In the last part of this article series, we recommended taking some time to confirm that spreadsheets are the right tool for a specific financial reporting task.
If you do conclude that a spreadsheet is the best tool for the job, you have to be careful to set youself up for success. The wide-open nature of Microsoft Excel means there are ample opportunities to "shoot youself in the foot." By following these best practices, you can avoid some of the pitfalls that come with using such a general-purpose tool for your specialized reporting tasks. Let's get started!
Step 2: Minimize Data Sources
Take a minute and list all the reports your finance department must create in a year. At a minimum your list likely includes:
- annual financial statements,
- quarterly statements,
- management discussion & analysis (MD&A),
- financial plan or budget documents,
- actual to budget reports that you present on a monthly or quarterly basis,
- forecasts where you analyze actuals and project how well you will meet budget,
- Tens or hundreds of specific purpose reports. Things like bank covenant reporting or provincial reporting (FIR, LGDE, SOPHI)
The point is, there are a lot of reports and each one needs to present data slightly differently. More detail in one, less in another. One includes actuals only, this other adds budget data. This one shows capital expenditures as expenses, but another one treats them as assets.
Consequently, folks tackle each one of these reports as a discrete task. Consider the example of a finance department who is working to prepare the Q1 financial statements and the accompanying MD&A.
The data from the accounting software (often referred to as the ERP system) is exported to begin building the financial statements. In this case, the Excel file becomes the direct data source for the financial statements.
When the statements are nearly complete, either the spreadsheet file that houses the financial statements is copied or another export from the accounting software is created so that the team can work on the MD&A.
Now imagine the auditor comes back and requires an adjustment be posted. This change needs to effect both files. Not only must finance make the change twice, but there is also now the need to reconcile the data between the two Excel files to ensure that the Financial Statements and MD&A agree.
Compare this to an approach where the MD&A is built off the same Excel file. Changes made in one file necessarily effect both the statements and the MD&A. Reconcilliation of the two reports becomes much faster and simplier.
While this may seem obvious, we rarely see this practice implemented consistently. In part this is caused by difficulties in sharing an Excel file across multiple users or difficulty in dealing with variations in grouping of data. Whatever the reason, when you consider all the reports that the team tackles, duplication of data sources leads to massive amounts of wasted time regrouping data, adjusting in multiple locations and then reconciling to ensure the values balance across data sources.

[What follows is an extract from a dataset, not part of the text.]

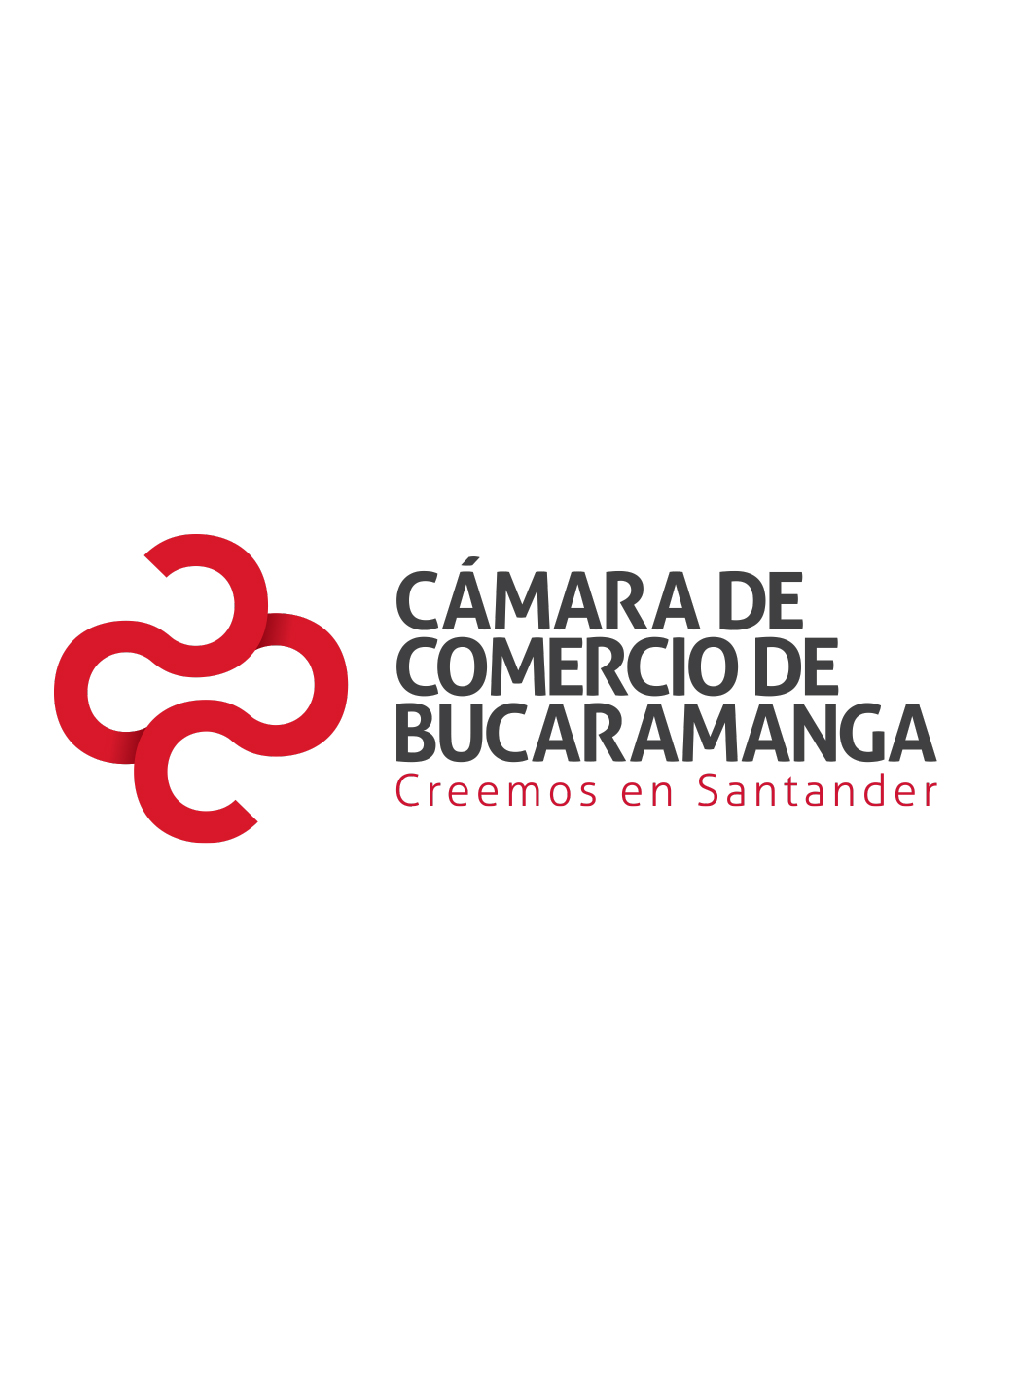 7 Razones para creer en Santander 2018

The very same only different
This same best practice of minimizing data sources also applies within a single spreadsheet. Take Cash as our example. Typically, cash needs to be presented in two or three places:
- a summary line on the balance sheet
- a summary line at the bottom of the Statement of Cash Flow
- a detailed breakdown in a Cash and Cash Equivalents note
Option 1: Indiscriminate Linking
In this option, the focus is on creating the report as quickly as possible. Consequently, there is little discipline applied to how these values are populated. The result is multiple approaches to getting the same value :
- The note details are populated by summation of GL accounts.
- The Statement of Cash Flow value is created by summing the lines above.
- Finally, the Balance Sheet value is based on linking to the total of the note. This is done to ensure the note and Balance Sheet values agree.
Option 2: Minimize Data Sources
This option focuses on long term benefits instead of speed of initial creation. The focus is on standardization and consistency. Wherever possible values are derived the same way:
- The note details are populated by summation of GL accounts.
- The Balance Sheet value is also populated by summation of GL accounts.
- The Statement of Cash Flow value is created by summing the lines above. This variation in approach is necessary to ensure the integrity of the statement.
At first glance these Option 1 and Option 2 may appear equally good. But, having values derived in lots of differing ways can cause numerous complications:
- Secession planning - If there are a large variety of methods used to populate statements, it can be much more challenging for new staff to use the existing template properly. Less variety = Easier to Learn.
- Quality control - Consider that if all cells on the balance sheet are consistent, it is easier to review formulas to ensure accuracy and completeness. If there is great variability in the linking methods (and therefore the formulas) review gets much more complicated.
- Cross-Linking means 0% or 100% - Notes often contain much higher levels of detail than statements or schedules. As a result, notes regularly take more work and therefore time to complete. If the values on the Balance Sheet are linked from notes, your Balance Sheet will remain out-of-balance and unusable until every last line item detail in the notes is in place.